Task Library - Now Available!

There’s still the problem that the delayed function is eventually going to be called no matter what. Long-running “cancelled” delays will still be sitting uselessly in the scheduler. Additionally, if you pass a thread, you can’t safely reuse it until the delay is finished, or it will be resumed unexpectedly.

It would be great if delay returned a function or something that actually cancelled the delayed call.

4 Likes

I would argue that if you’re canceling things frequently enough that the extra threads sitting in the scheduler is a problem, then there’s other architectural problems going on. Cancelation should not be a hot path in your code.

5 Likes

Thank you for this! Exactly what I needed and very insightful. My code is eventually called so it isn’t an issue for me anyway. Thank you for the wrapper too, appreciate it.
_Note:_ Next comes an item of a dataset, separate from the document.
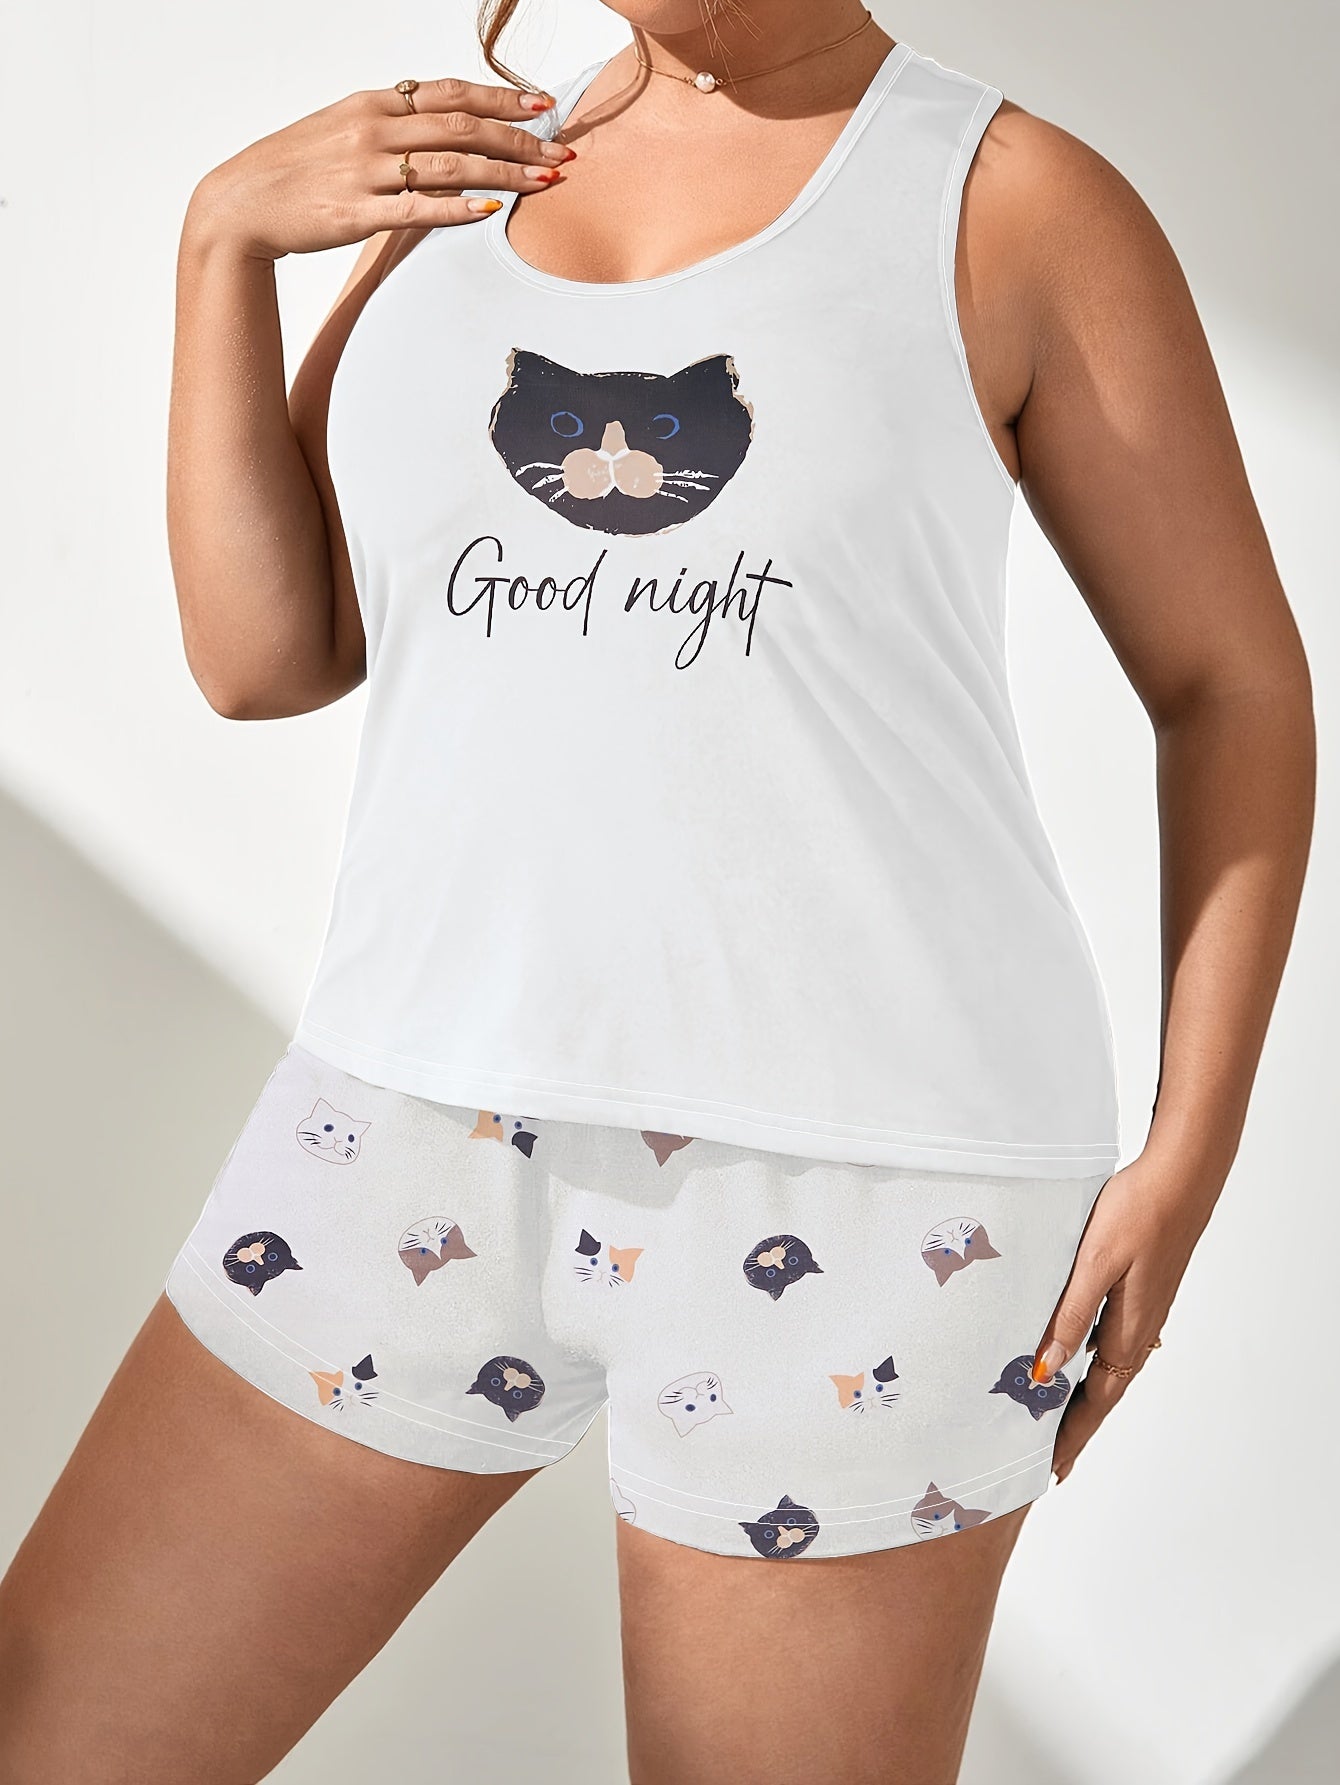 Plus Size Cute Goodnight Cat Pajamas Set - Flattering Plus Size Fit with Adorable Whimsical Cartoon Cat Pattern, Soft and Cozy Scoop Neck Design, Comfy Shorts for Ultimate Relaxation - Complete 2-Piece Pajama set

Do you think task.delay would be the best method to go about this? I’m not certain how the task scheduler works and if this affects it much. Essentially every time I press F, this function would execute and call task.delay, so you could be spamming task.delay. That wouldn’t matter, would it?

If your user can press F fast enough to flood the thread scheduler in that way they’ll probably break their F key before they break your game :joy:

And if we’re talking server side, there’s probably way more expensive Remotes for an exploiter to spam than that one, if you’re trying to fully cover that avenue you really need handcrafted flood checks on every Remote that could do something too expensive and freeze the server.

6 Likes

This is honestly extremely useful, wait() has been my enemy for many years, and to finally see it improved with a custom way to handle the task scheduler is so great.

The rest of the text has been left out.